Opened 9 years ago

Closed 9 years ago

#687 closed help (fixed)

lib-4205 : UNRECOVERABLE library error The program was unable to request more memory space.

Reported by: swr07dmm Owned by: um_support
Component: UM Model Keywords: HECToR
Cc: Platform:
UM Version: 6.6.3

Description

Hi, I am getting this error when reconfiguring - the job ID is xgklb and its a copy of the job id xgkla with a few modifications. Where xgkla works fine. Do you know what might be wrong?

Change History (8)

comment:1 Changed 9 years ago by ros

  • Keywords HECToR added
  • UM Version changed from <select version> to 6.6.3

Hi Dann,

Can you change the permissions on your HECToR /home and /work directories so that we can see them please?

chmod -R g+rx /home/n02/n02/dmitch

and similarly for /work

Regards,
Ros.

comment:2 Changed 9 years ago by swr07dmm

Hi Ros, I've changed the permissions now.

thanks,
Dann

comment:3 follow-up: Changed 9 years ago by grenville

Dann

One way to increase the memory available to the program is to run the reconfiguration on say 12 cores/node rather than the default of 24. So try setting Sub-Model Independent→Job submission, reso..→Use non-default number of cores per node to 12. I'd strongly advise you to run this as a reconfiguration-only job until you have a valid start file. Running with 12 cores/node is 2x as expensive as running with 24 cores/node, but shouldn't be a problem for the reconfiguration.

Grenville

comment:4 in reply to: ↑ 3 Changed 9 years ago by swr07dmm

Replying to grenville: Hi Grenville, I've tried that but with no luck, I still seem to get the same error message.

thanks,
Dann

Dann

One way to increase the memory available to the program is to run the reconfiguration on say 12 cores/node rather than the default of 24. So try setting Sub-Model Independent→Job submission, reso..→Use non-default number of cores per node to 12. I'd strongly advise you to run this as a reconfiguration-only job until you have a valid start file.

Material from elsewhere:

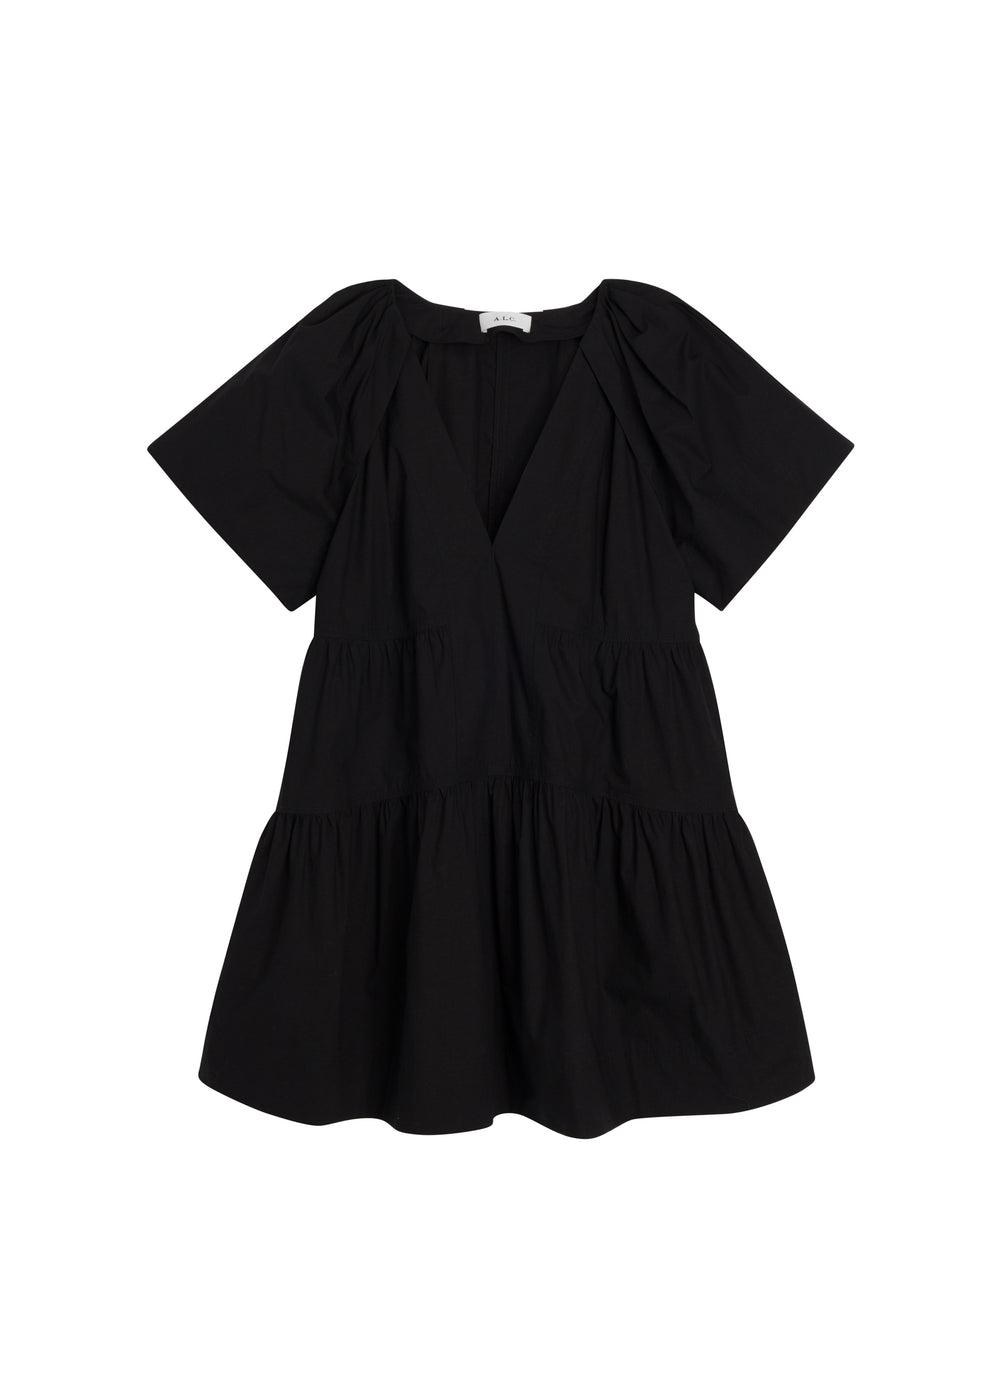 flatlay of black short sleeve mini dress

Running with 12 cores/node is 2x as expensive as running with 24 cores/node, but shouldn't be a problem for the reconfiguration.

Grenville

comment:5 Changed 9 years ago by grenville

Dann

The problem is that the start files for xgklb have the wrong endianess. You can see this is the case by using xconv and looking in the lower left panel

file /work/n02/n02/dmitch/RESTART/xfwnla.da83c10 is a 64 bit ieee um file

and

file /work/n02/n02/hum/hg6.6.3/HG2CCL60_ancils/akgiea.dai5c10 is a byte swapped 64 bit ieee um file

You can use /work/n02/n02/hum/vn6.1/utils/bigend-1.1/bigend to swap the endianess

/work/n02/n02/hum/vn6.1/utils/bigend-1.1/bigend: usage: -3264 file1 file2

Grenville

comment:6 Changed 9 years ago by swr07dmm

Hi Grenville,

the problem is that the ocean restart dump can't be byteswapped. I'm not sure why this is but if you xconv the original (i.e. xconv /work/n02/n02/dmitch/RESTART/xfwnlo.da83c10) it says there are errors reading extra data. When I have run this job on monsoon that has not been a problem though. If I then byteswap this file (i.e. xconv /work/n02/n02/dmitch/RESTART/xfwnlo.da83c10bs) then xconv can't even open it.

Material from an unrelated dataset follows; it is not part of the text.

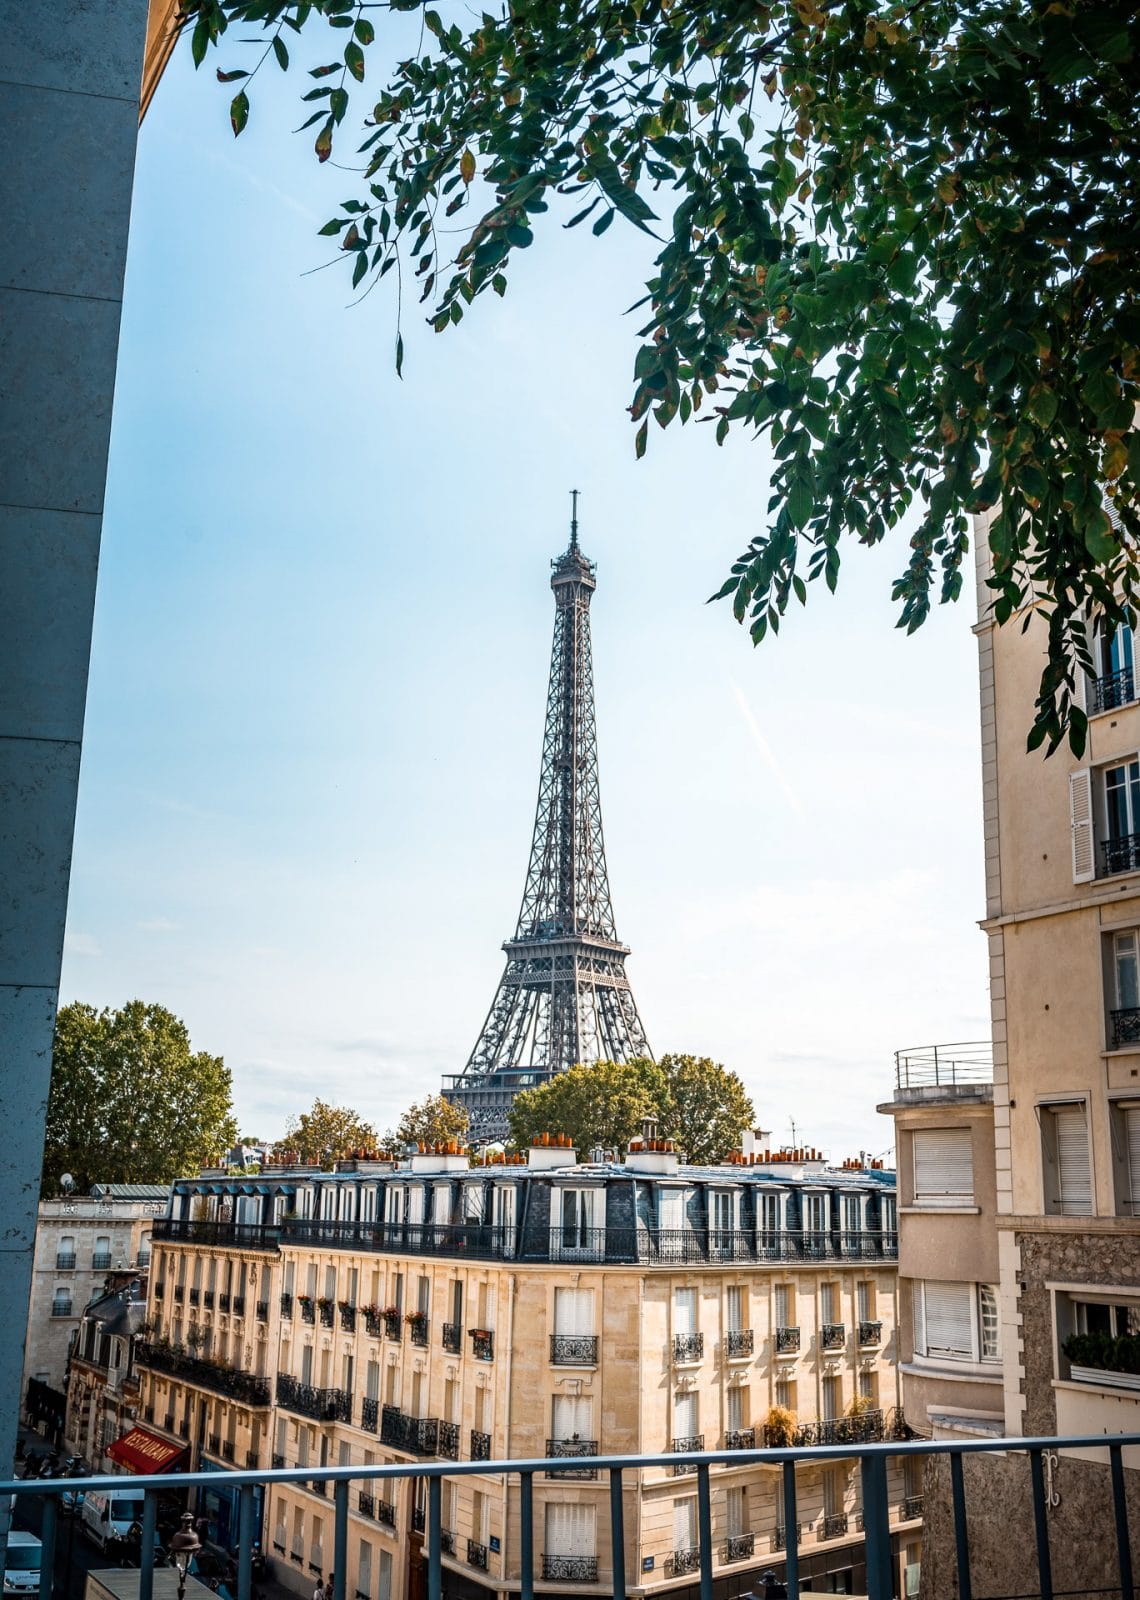 Paris Hotels near the Eiffel Tower

I've also tried creating the .astart and .ostart files on monsoon then just skipping the reconfiguration step on hector, but that doesn't seem to work either.

many thanks,
Dann

comment:7 Changed 9 years ago by grenville

Dann

xconv has problems with ocean files sometimes. Please type

export MALLOC_CHECK_=0

just before running it on an ocean dump.

I'm not sure what you mean when you say the file can't be byteswapped. Did the byteswap program fail?

Grenville

comment:8 Changed 9 years ago by grenville

  • Resolution set to fixed
  • Status changed from new to closed
Note: See TracTickets for help on using tickets.